Se nel caso di Luisa Miller abbiamo a che fare con una certa banalizzazione e riduzione ad un melodramma italiano tradizionale di uno dei testi teatrali più compatti, dinamici e coerenti nel suo sviluppo drammaturgico, il Don Karlos di Schiller (a cui ci riferiremo ormai con la cappa, seguendo l’antica ortografia) rappresenta un dramma la cui storia di creazione è tutta fatta di diverse interruzioni temporali o modificazioni ideali. Per quattro anni Schiller ha lottato con una forma storica – la vita del collerico infante di Spagna, – in cui versare un contenuto ideologico – la natura dell’assolutismo e la natura della libertà,concetti che si escludono a vicenda. Cosi si è formato un dramma nel quale spesso i nodi delle relazioni personali e politiche si fanno e si disfanno con poca chiarezza logica ed efficienza teatrale, perché la trama viene affollata ed appesantita da una serie interminabile di intrighi e complicazioni le cui necessità e conseguenze non sono sempre plausibili.

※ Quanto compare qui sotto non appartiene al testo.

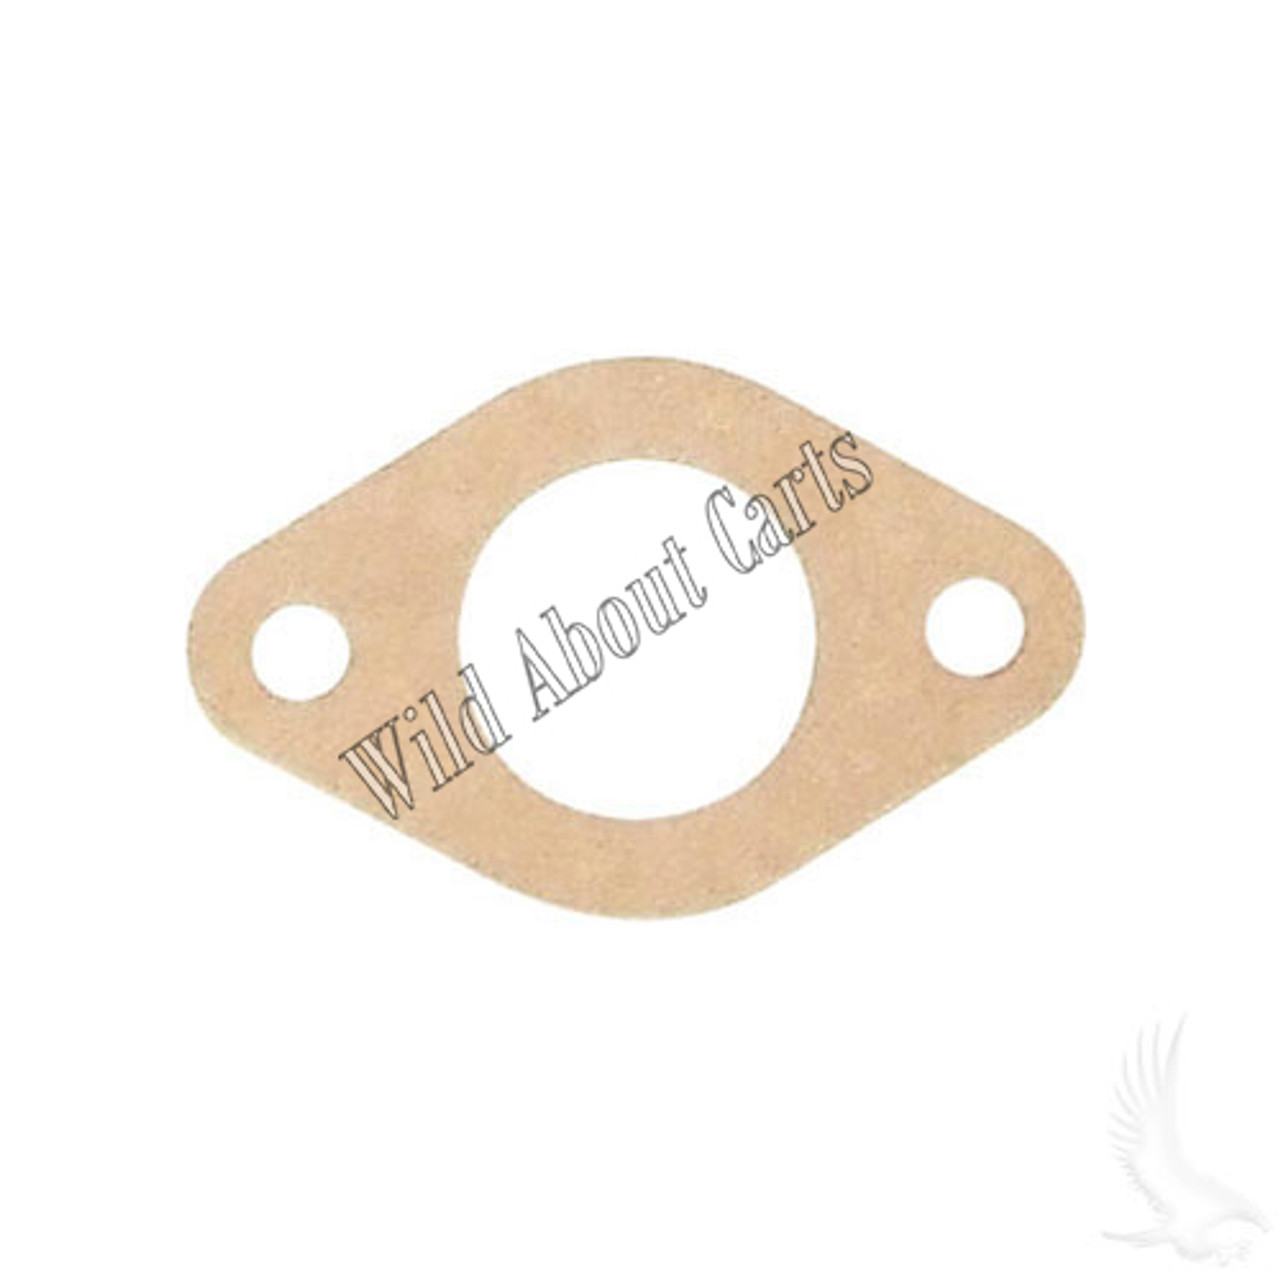 Gasket,Both Sides of Insulator, E-Z-Go 4 Cycle, CARB-034

E’ qui che, contrariamente a Luisa Miller dove la musica e la logica non-verbale del melodramma non riesce a rendere giustizia alla drammaturgia perfettamente chiusa in sé di Kabale und Liebe, la musica come medium di omogeneizzazione di elementi disparati (se si crede alla tesi di Hans Blumenberg circa la forza unificatrice della musica di Bach nella Matthäuspassion di fronte alle incongruenze logiche del testo biblico) assume un ruolo “nobilitante” e neutralizzante degli aspetti deboli disseminati attraverso l’intero Don Karlos. La logica di un dramma parlato non perdona se l’intrigo teatrale – in questo caso quello iniziato da Domingo, confessore del Re, ed il Duca d’Alba, personaggi “antipatici” che, però, agiscono unicamente con la “ragion di stato” in mente – non viene annodato in modo completamente coerente, mentre le stesse incongruenze dello sviluppo drammaturgico che si trovano anche nel libretto (o meglio, nei vari libretti) del Don Carlo(s) verdiano tramontano facilmente sotto la potenza indipendente, che introduce la musica. Così, quando alla fine della scena del giardino, dopo l’uscita dell’infuriata Eboli, Rodrigo chiede a Carlo di trasmetterli dei “fogli importanti”, questi “fogli importanti”, penosamente astratti nel contenuto drammaturgico, apparsi quasi dal nulla nella trama, ed in più maldestramente musicati in un recitativo goffo, vengono soprafatti dalla gloriosa ripresa del motivo del duetto Posa-Carlo (motivo di amicizia e di libertà) dall’intera orchestra in chiusura della scena. E si può ancora parlare di omogeneità pur prendendo in considerazione la varietà di versioni testuali e musicali che comporta questa opera di Verdi, lavoro con il più grande numero di varianti e modificazioni, che fino ad oggi rendono problematica e discutibile qualsiasi scelta nell’ambito della prassi esecutiva.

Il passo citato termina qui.